EXERCISE GOAL:
At the line with "Carbon Fiber Glasses", start transcribing; stop after the last line of the data below. Keep it exact and leave pictures out.

INPUT DATA:
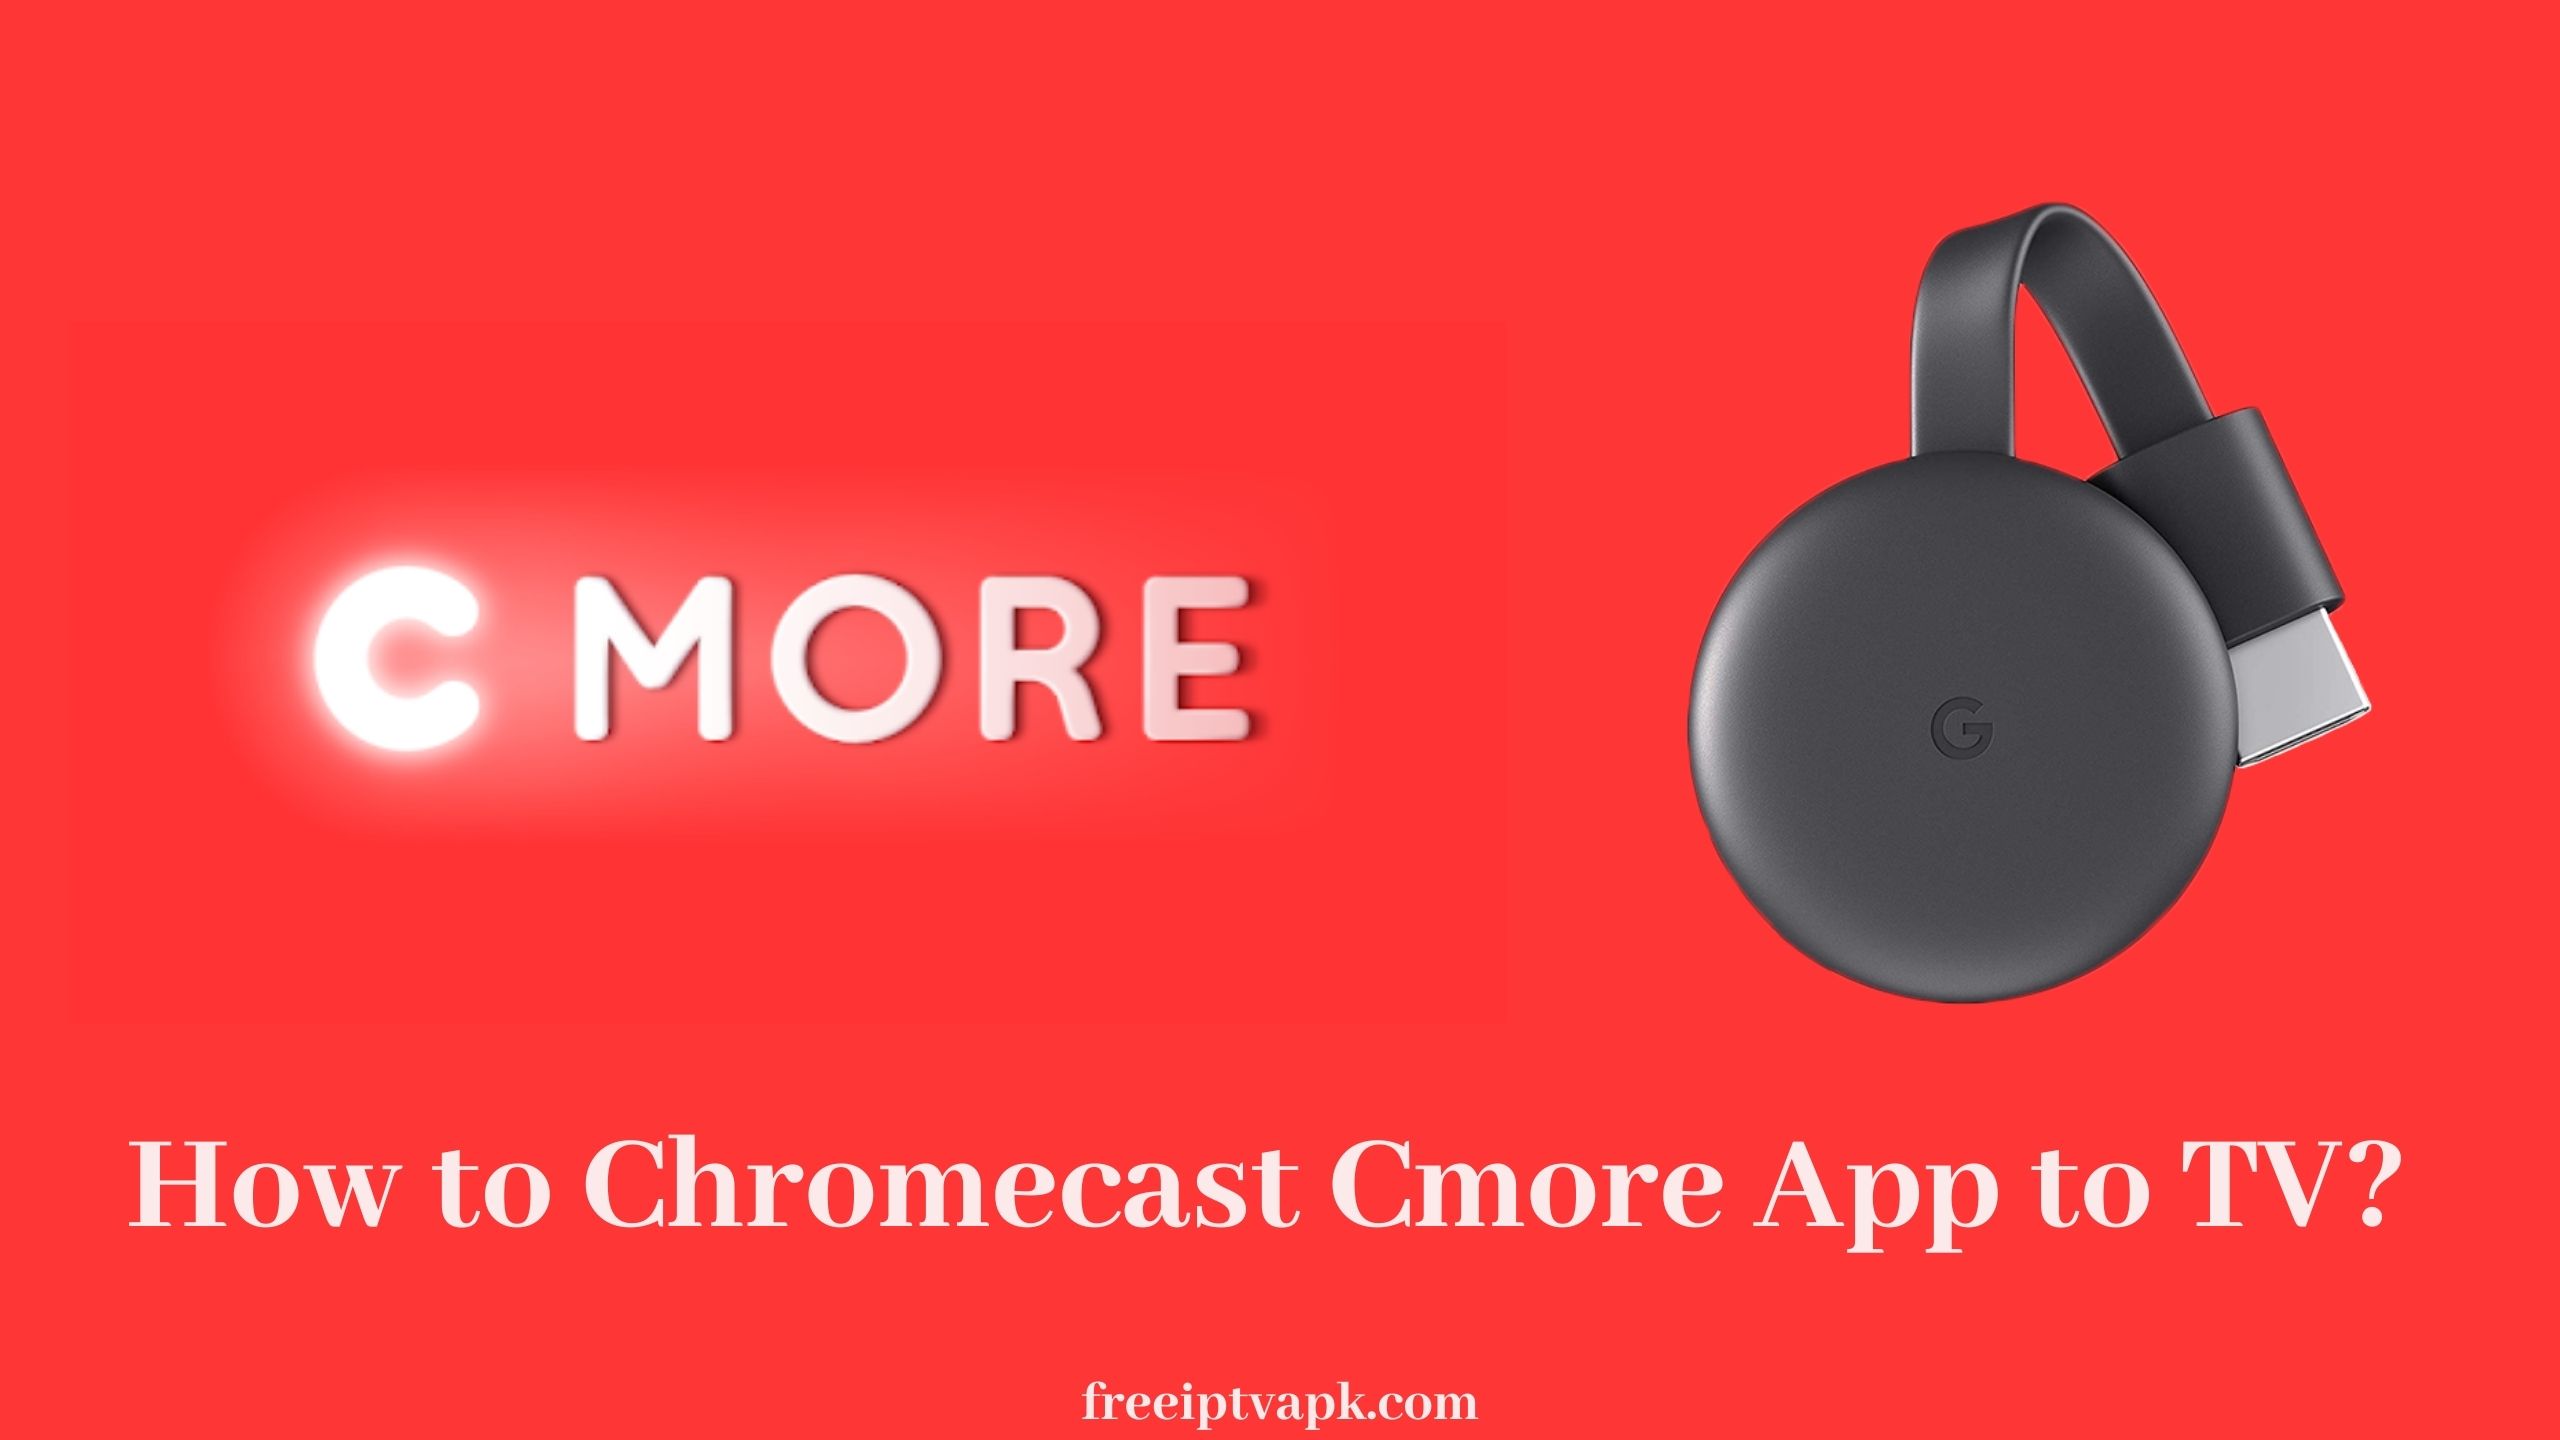 Chromecast Cmore App
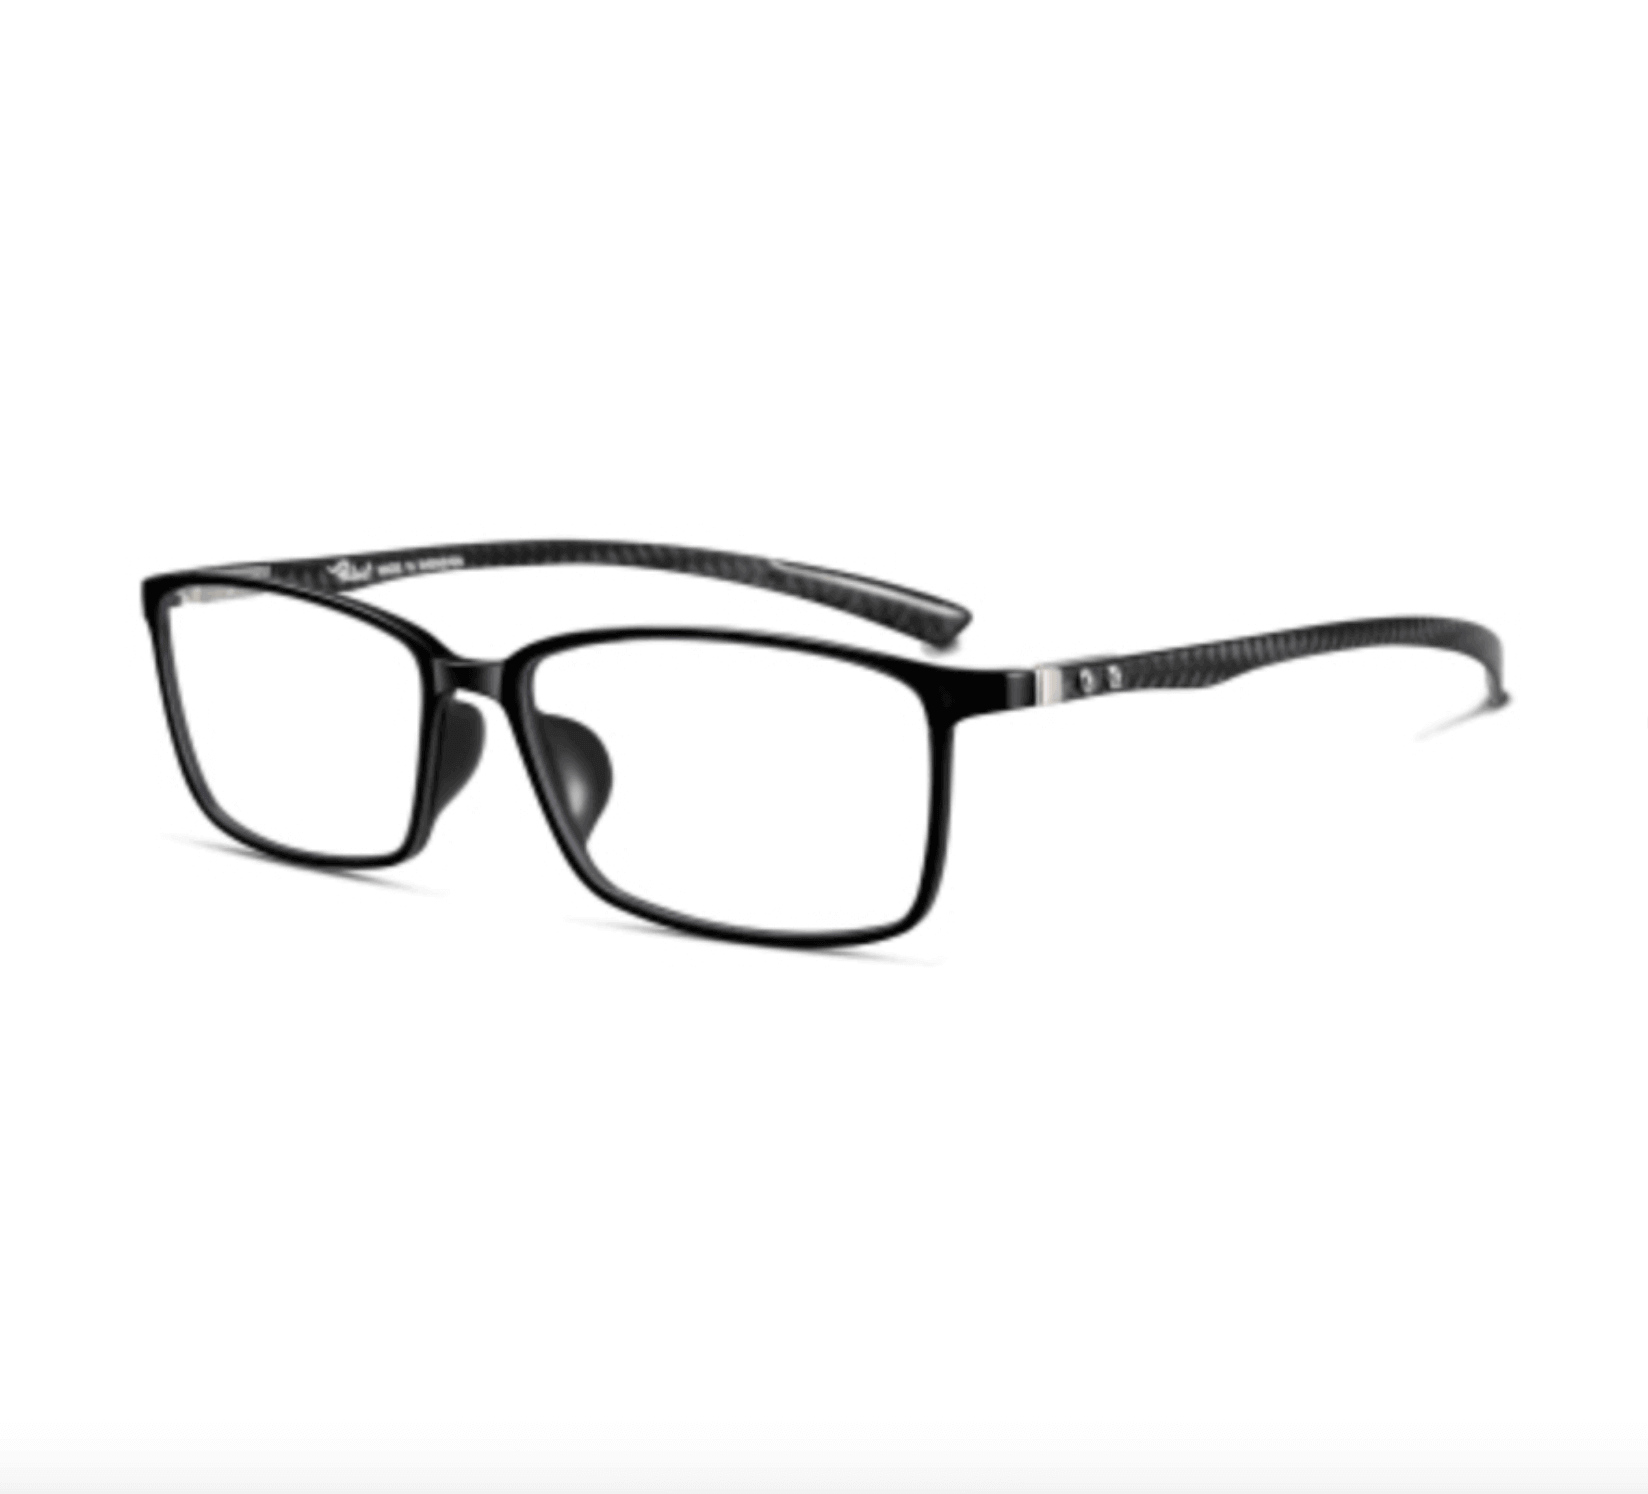 Carbon Fiber Glasses Frame, Eyeglasses manufacturer
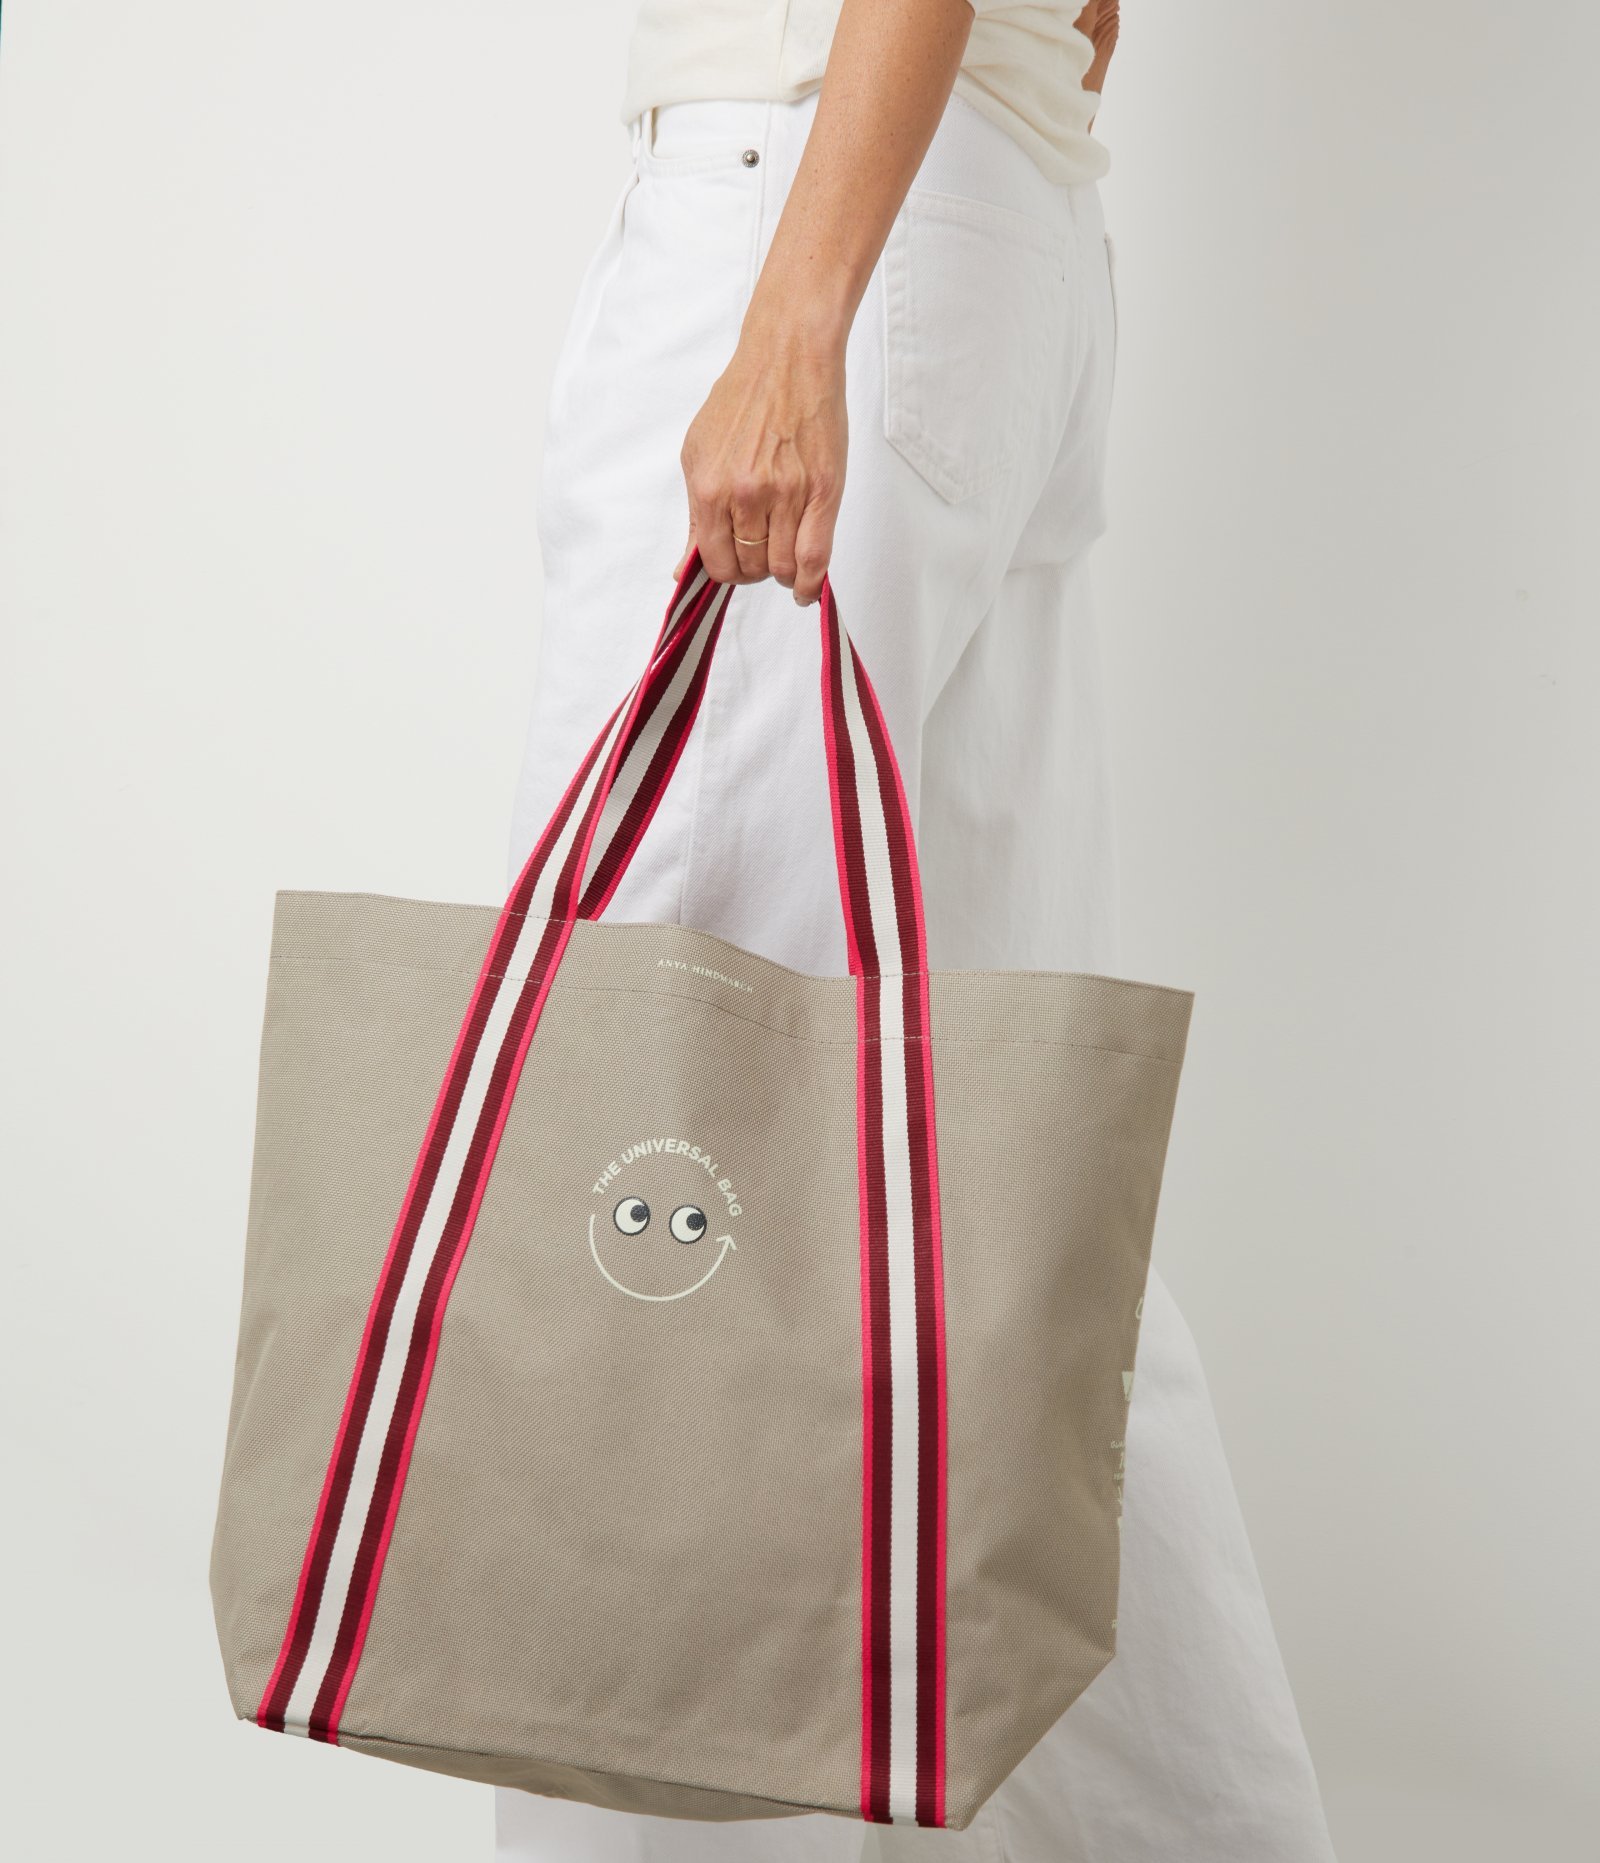 ナショナル麻布 アニヤ・ハインドマーチコラボバッグ「Universal Bag

ANSWER FOR THE TASK:
 Carbon Fiber Glasses Frame, Eyeglasses manufacturer
 ナショナル麻布 アニヤ・ハインドマーチコラボバッグ「Universal Bag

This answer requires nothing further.